Nigeria’s petroleum products marketers and retailers imported a total of 154.22 million litres of premium motor spirit (PMS) between March 17 and 23, 2025, according to data from the Nigerian Port Authority (NPA).
This development highlights a shift in sourcing strategies as marketers increasingly look beyond the Dangote Refinery for fuel supplies.
Key Details:
- Import Volume: The 154.22 million litres of PMS were brought in through seven vessels carrying 115,000 metric tonnes of fuel. These vessels berthed at major seaports, including the Tincan Port and Lekki Deep Seaport in Lagos, as well as the Calabar Port in Cross River State.
- Dangote Refinery’s Role: The Dangote Refinery, which has a capacity of 650,000 barrels per day, has recently suspended sales of petroleum products in naira due to stalled renegotiations of the naira-for-crude deal with the Nigerian National Petroleum Company (NNPC).

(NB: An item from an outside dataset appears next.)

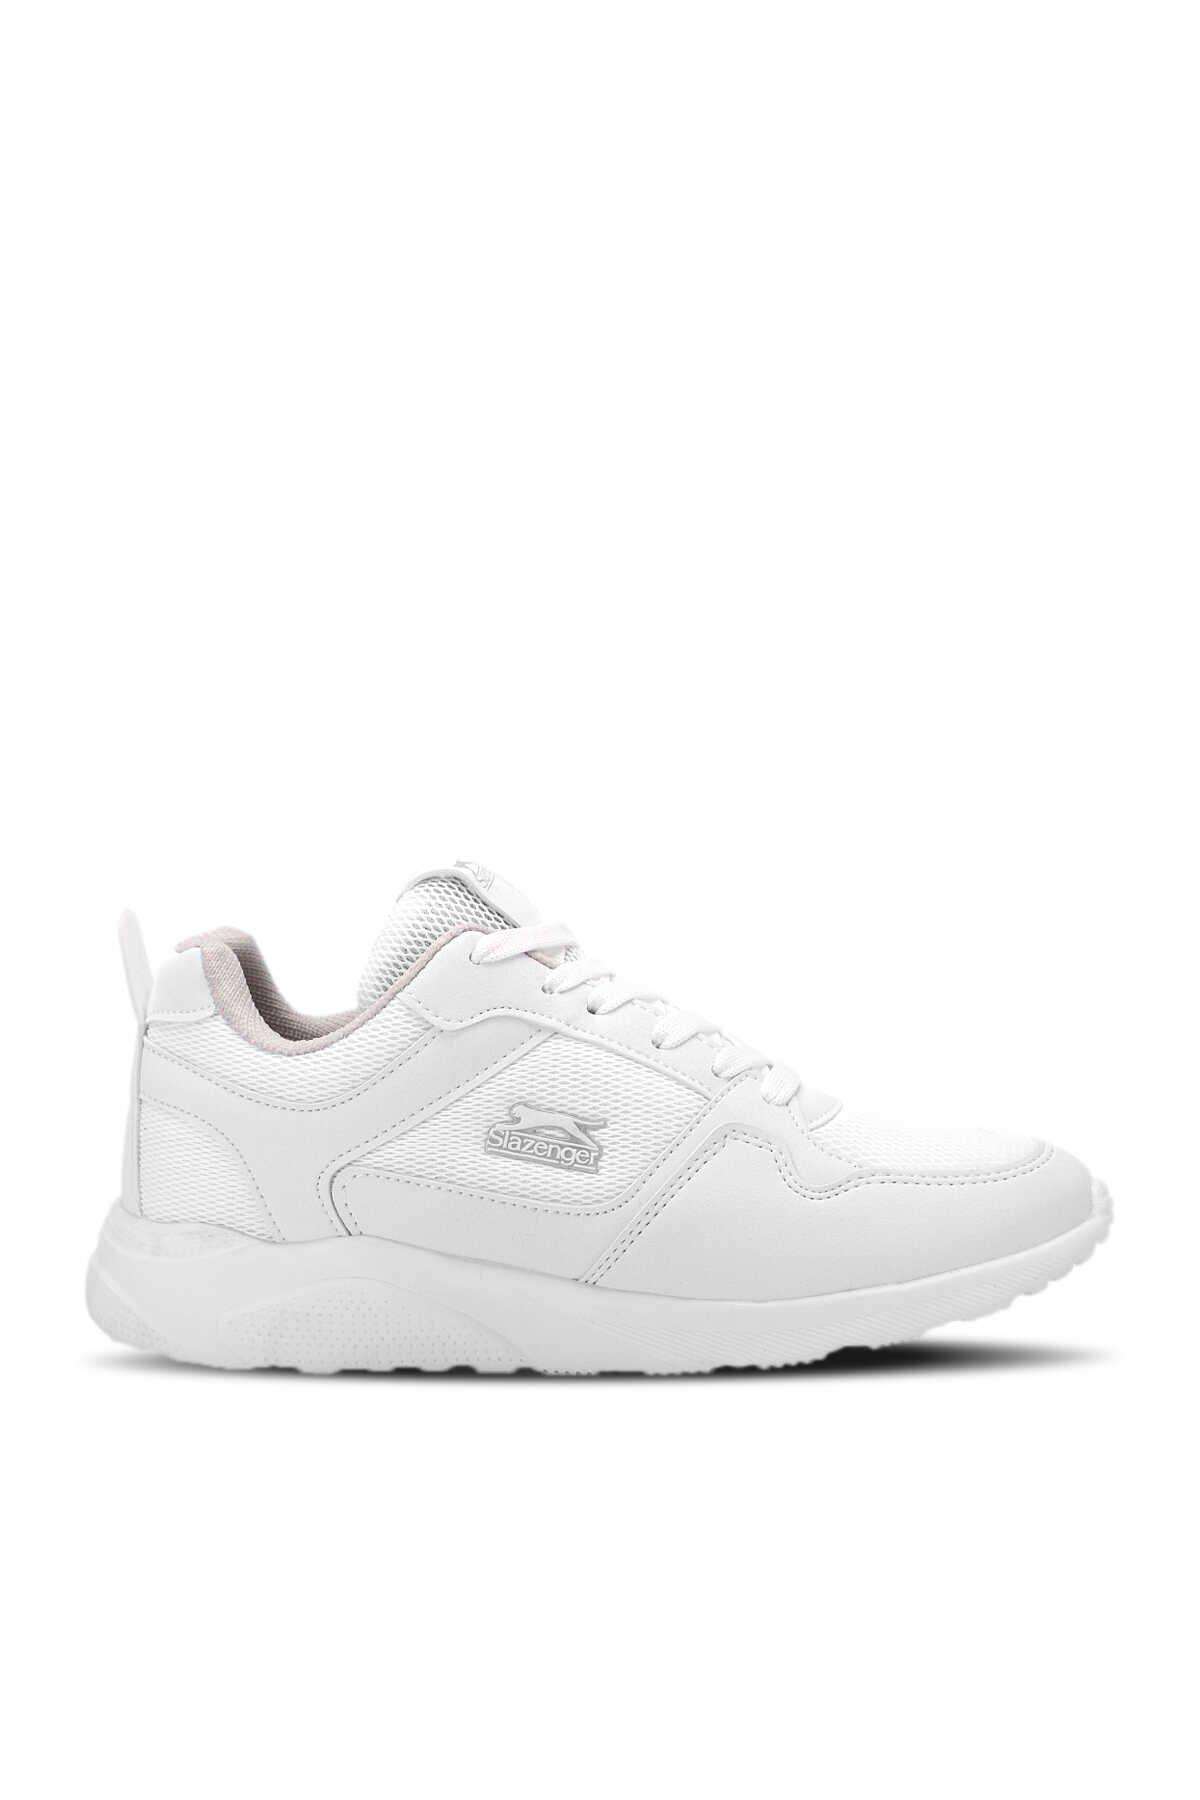 Slazenger - Slazenger EAGLE I Sneaker Kadın Ayakkabı Beyaz

This has prompted marketers to seek alternative sources for fuel imports.
- Market Dynamics: The suspension of the naira-for-crude deal has created a gap in local supply, leading to increased reliance on imported fuel. The Nigerian Midstream and Downstream Petroleum Regulatory Authority (NMDPRA) noted that local refineries, including Dangote Refinery, currently meet less than 50% of the nation’s daily petrol consumption.
- Economic Implications: The shift to imported fuel has raised concerns about the impact on fuel prices and the broader economy. The landing cost of imported PMS has dropped to between ₦774 and ₦797 per litre, while the ex-depot price of Dangote Refinery’s products remains higher, at ₦815 to ₦825 per litre.
This surge in imports underscores the challenges facing Nigeria’s downstream oil sector, as stakeholders navigate supply chain disruptions and policy uncertainties.